Finally, memristive devices are receiving increasing interest for the development of other computing concepts by neuromorphic networks with high computational power, such as the Hopfield recurrent neural network [188]. Although high acceleration performance has been achieved for the solution of hard constraint-satisfaction problems (CSPs), such as the Sudoku puzzle, via CMOS-based circuits [189], FPGA [190], and quantum computing circuits [191], the use of memristive devices in crossbar-based neural networks can further speed up computation by the introduction of a key resource as the noise [192] without the requirement of additional sources [193]. Moreover, very recent studies have also evidenced the strong potential of memristive devices for the execution of complex algebraic tasks, including the solution of linear systems and differential equations, such as the Schrödinger and Fourier equations, in crossbar arrays in only one computational step [16], thus overcoming the latency of iterative approaches [15]. Therefore, these achievements suggest CMOS/memristive devices as enablers of novel high-efficiency computing paradigms capable of revolutionizing many fields of our society.

7. Conclusions

This work provides an overview of the most promising devices for neuromorphic computing covering both CMOS and memristive device concepts.
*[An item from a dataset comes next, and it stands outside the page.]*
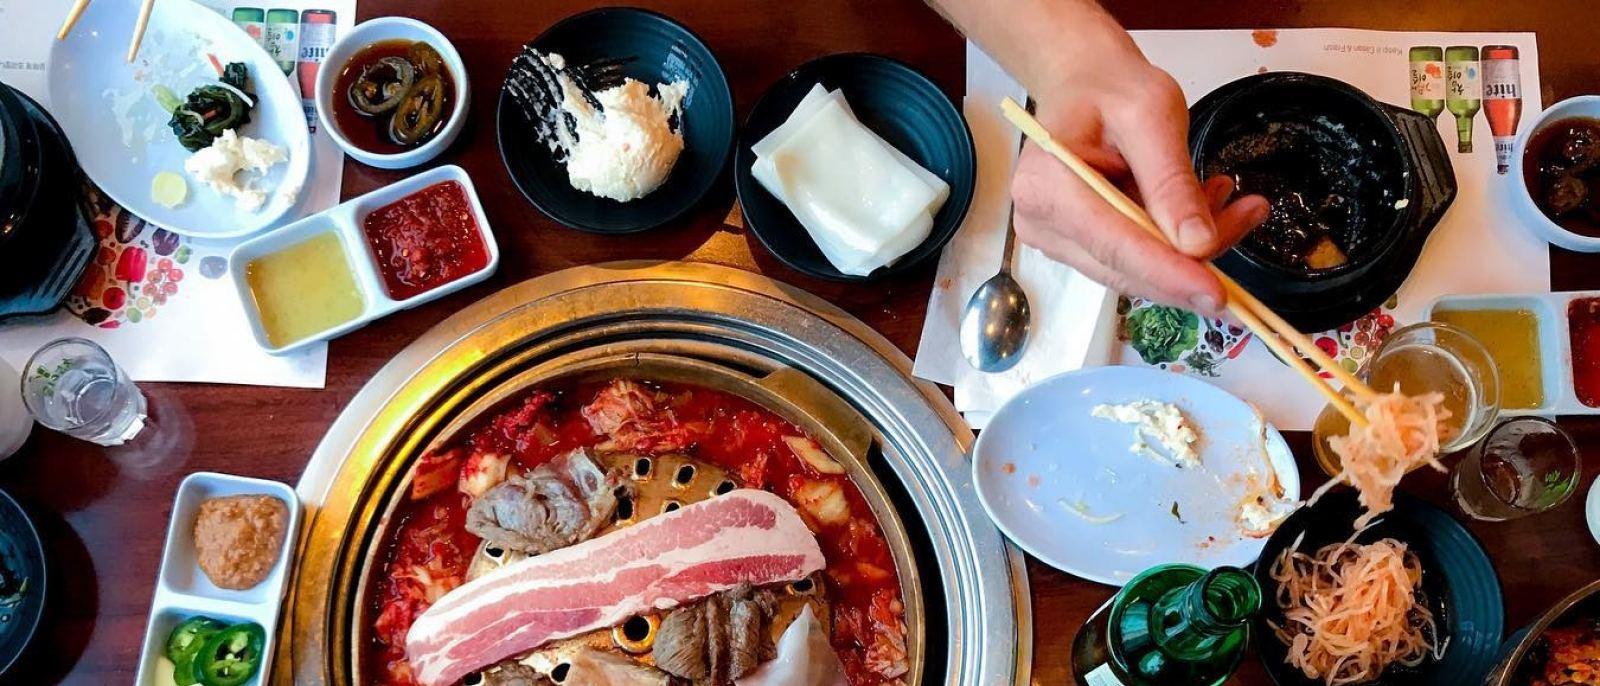 Yang San Bak in Koreatown | Photo: @michiiielliott, Instagram

Physical MVM in memristive/CMOS crossbar arrays implementing DNNs and SNNs has enabled both fundamental cognitive applications, such as image and speech recognition, and the solution of algebraic and constraint-satisfaction problems in hardware. These milestones can thus pave the way to highly powerful and energy-efficient neuromorphic hardware based on CMOS/memristive technologies, making AI increasingly pervasive in future society.

Author Contributions

Writing—original draft preparation, V.M. and G.M.; writing—review and editing, V.M., G.M., D.I. and C.M.C.; visualization, V.M. and G.M.; supervision, D.I. and C.M.C.; funding acquisition, D.I. All authors have read and agreed to the published version of the manuscript.

Funding

This work has received funding from the European Research Council (ERC) under the European Union’s Horizon 2020 research and innovation programme (grant agreement no. 648635).

Conflicts of Interest

The authors declare no conflict of interest.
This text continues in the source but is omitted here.